* EXERCISE DATA
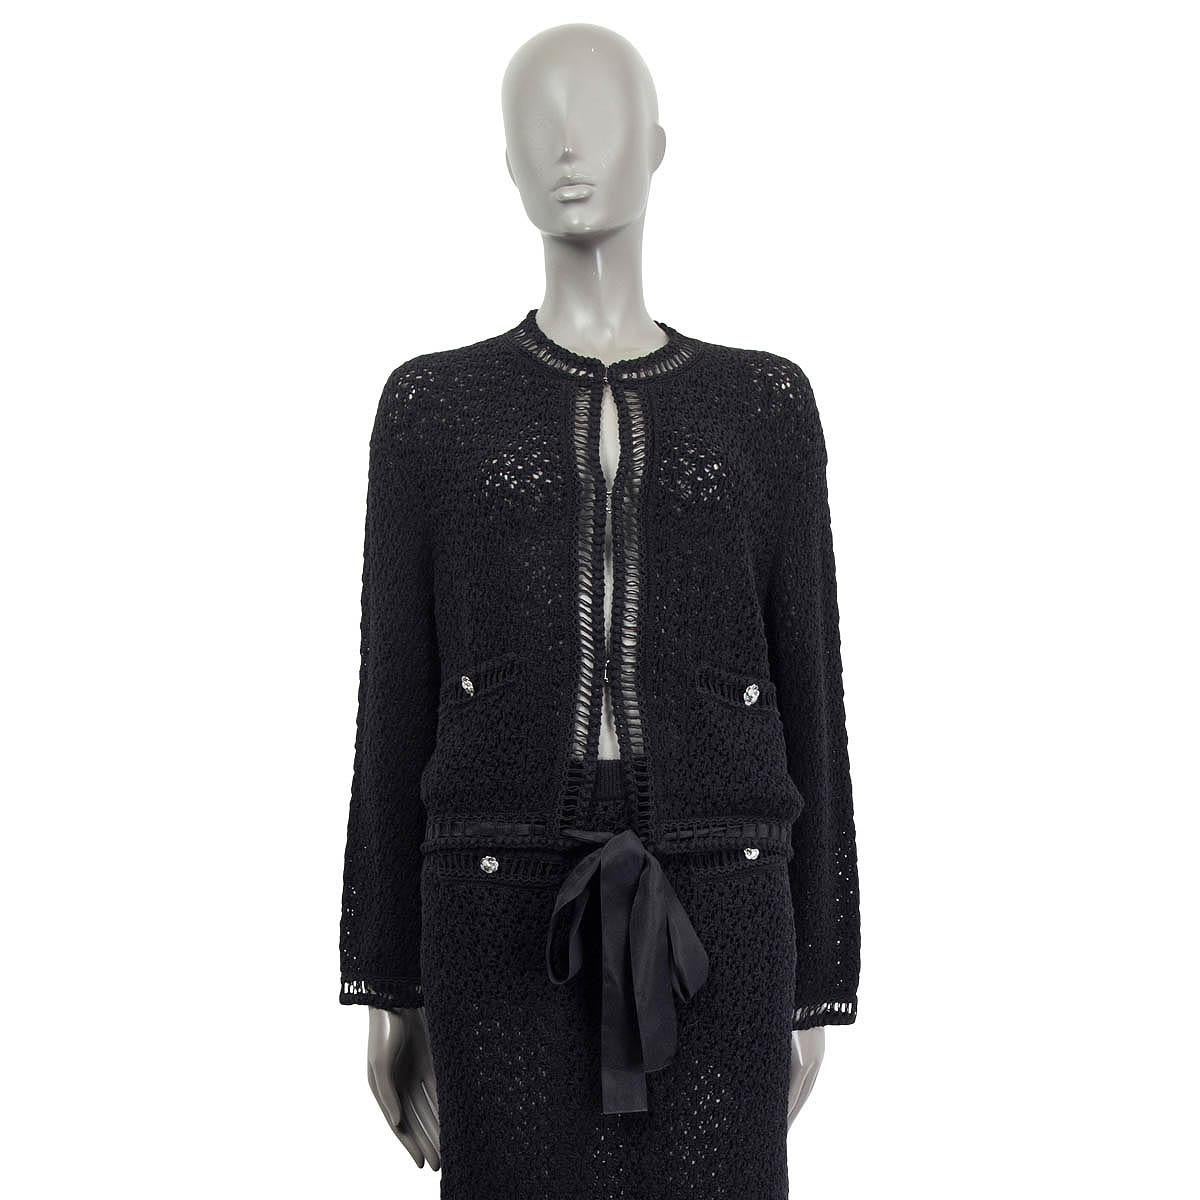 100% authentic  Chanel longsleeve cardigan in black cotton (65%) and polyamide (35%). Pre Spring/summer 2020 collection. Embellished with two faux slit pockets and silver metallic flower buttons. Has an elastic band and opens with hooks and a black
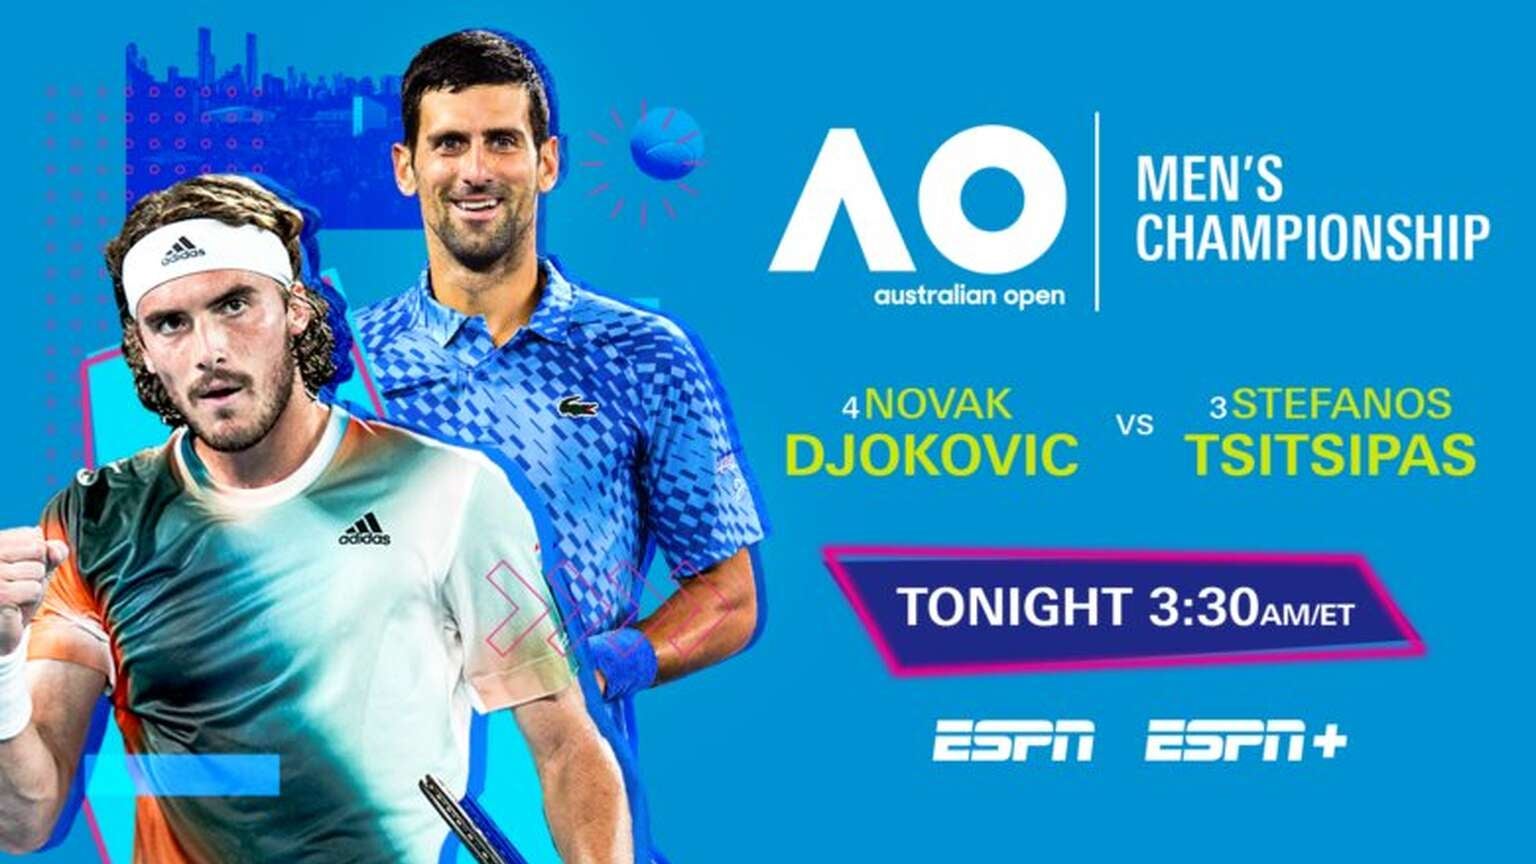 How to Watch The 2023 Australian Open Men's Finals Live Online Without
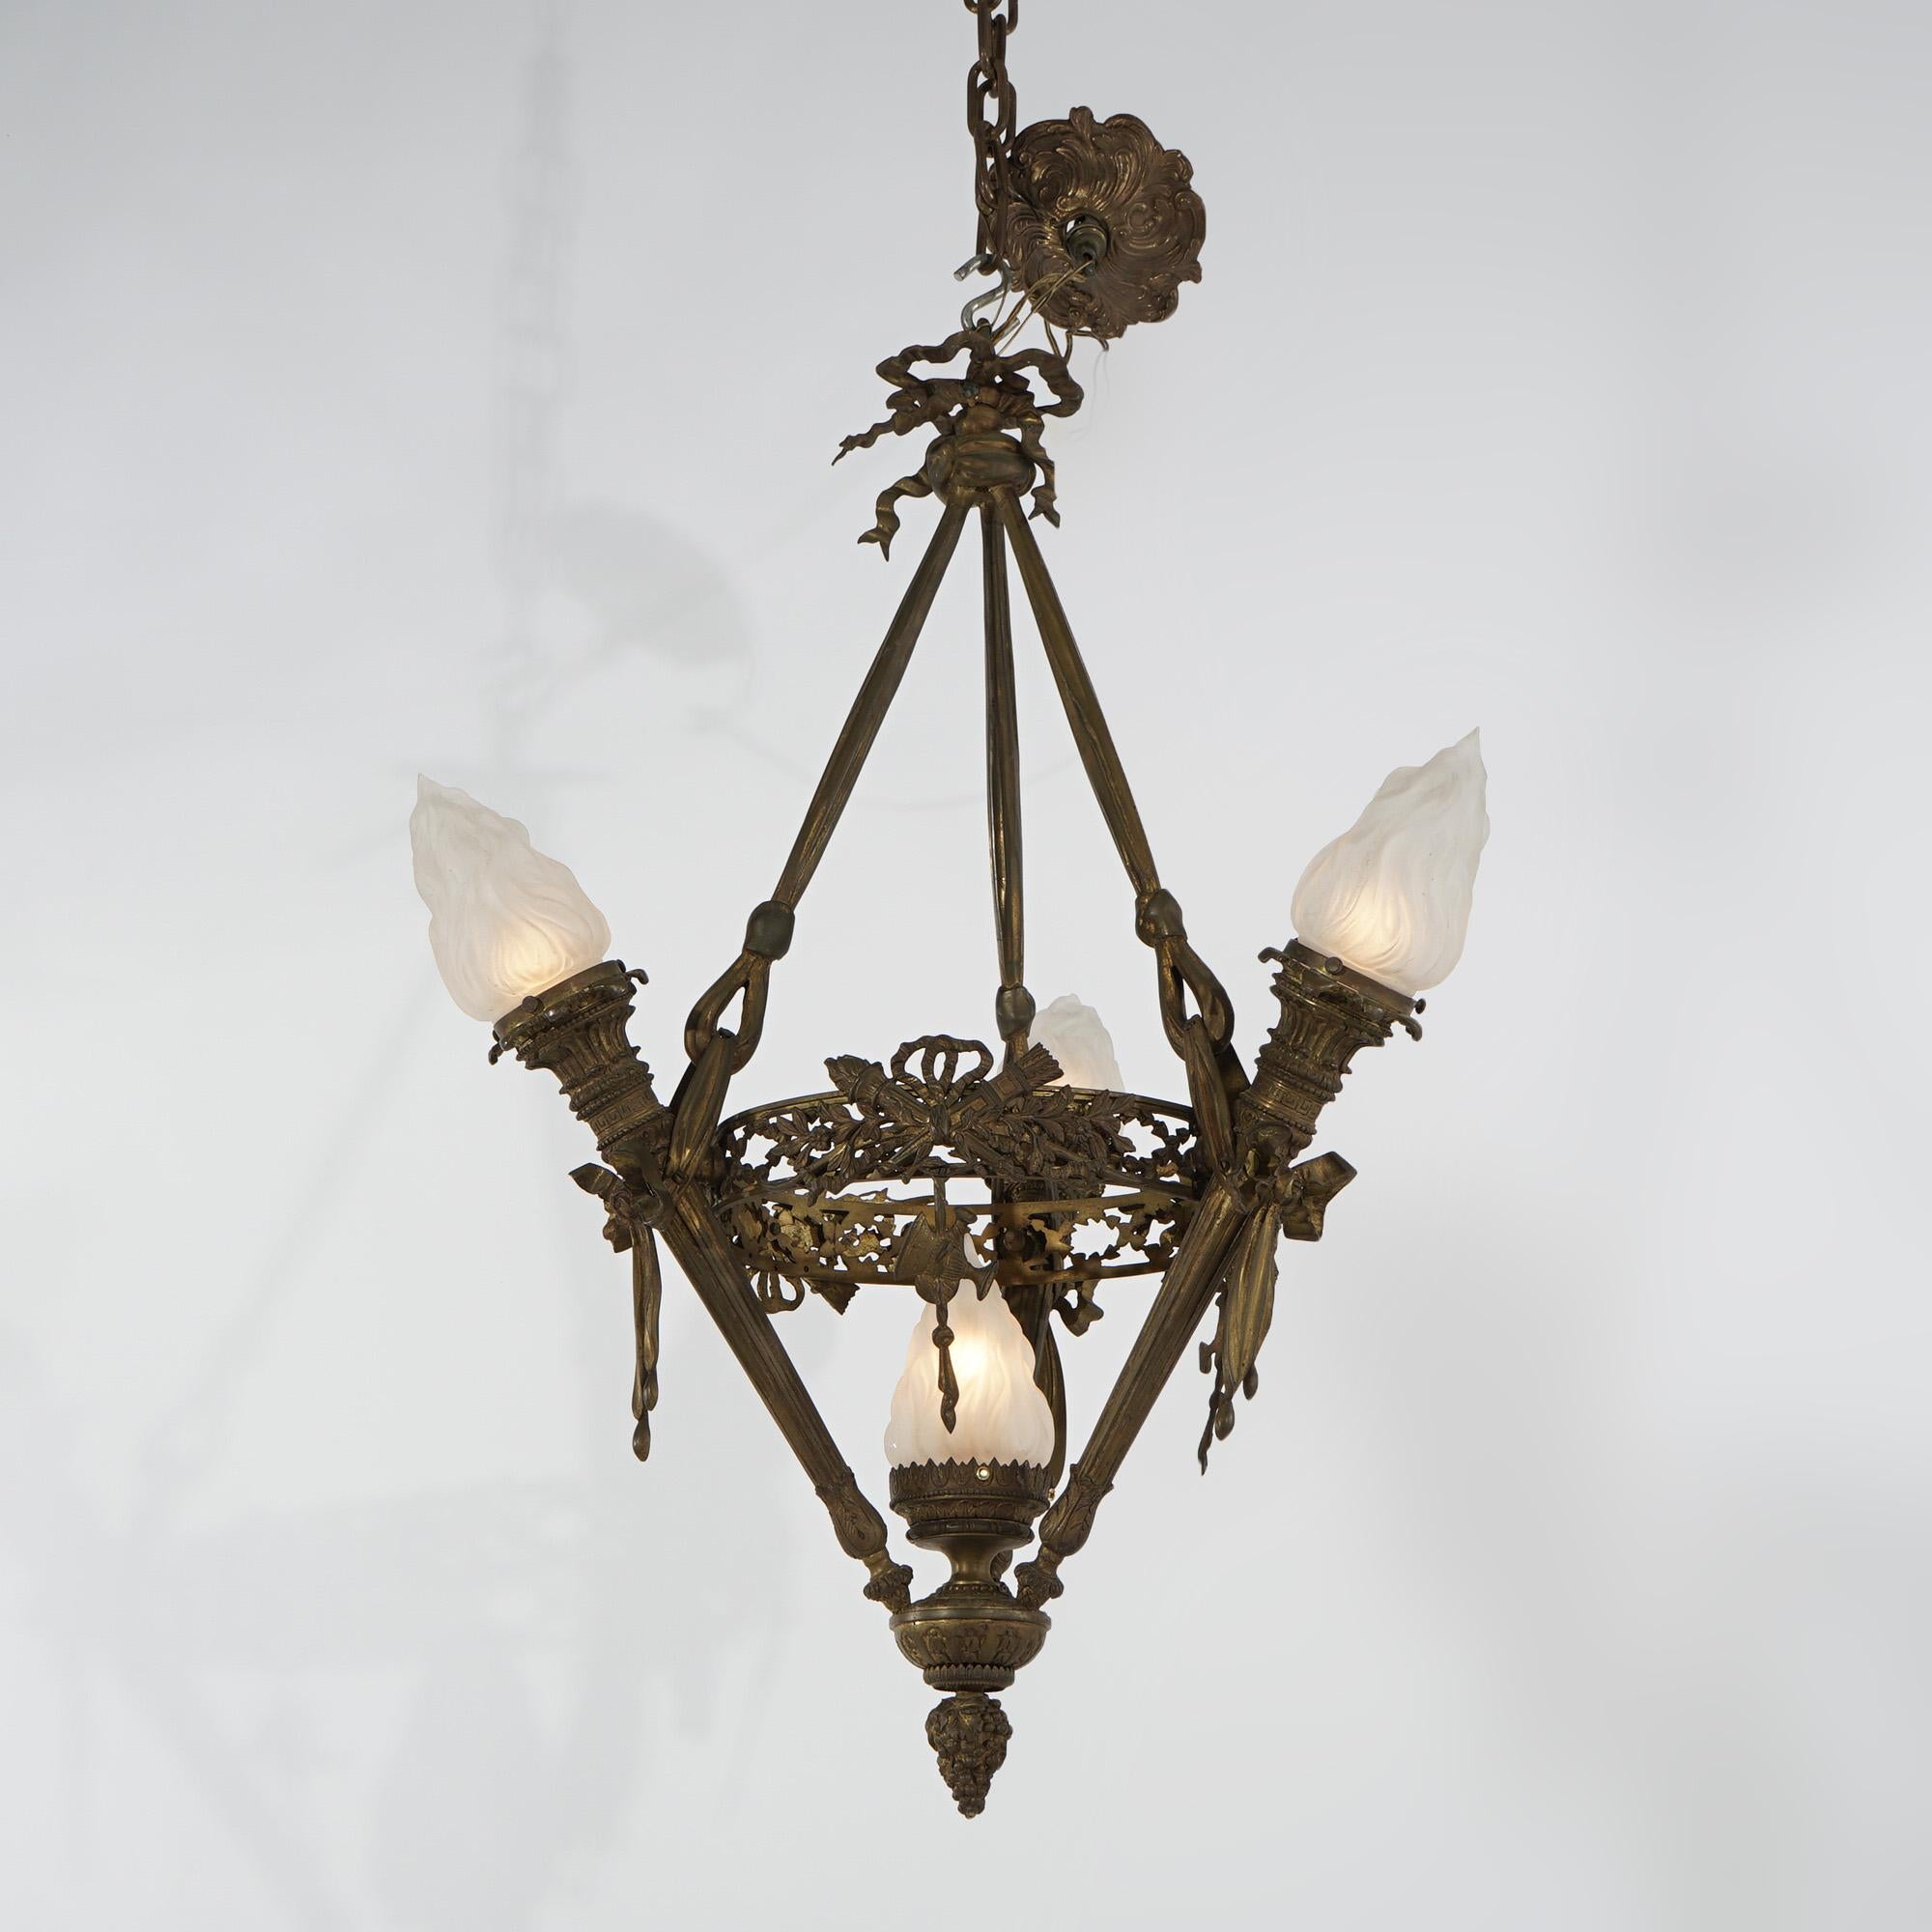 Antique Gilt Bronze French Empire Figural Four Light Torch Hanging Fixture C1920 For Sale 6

* EXERCISE
Transcribe the full listing above exactly, with the images removed.

* RESPONSE TO THIS TASK
 100% authentic  Chanel longsleeve cardigan in black cotton (65%) and polyamide (35%). Pre Spring/summer 2020 collection. Embellished with two faux slit pockets and silver metallic flower buttons. Has an elastic band and opens with hooks and a black
 How to Watch The 2023 Australian Open Men's Finals Live Online Without
 Antique Gilt Bronze French Empire Figural Four Light Torch Hanging Fixture C1920 For Sale 6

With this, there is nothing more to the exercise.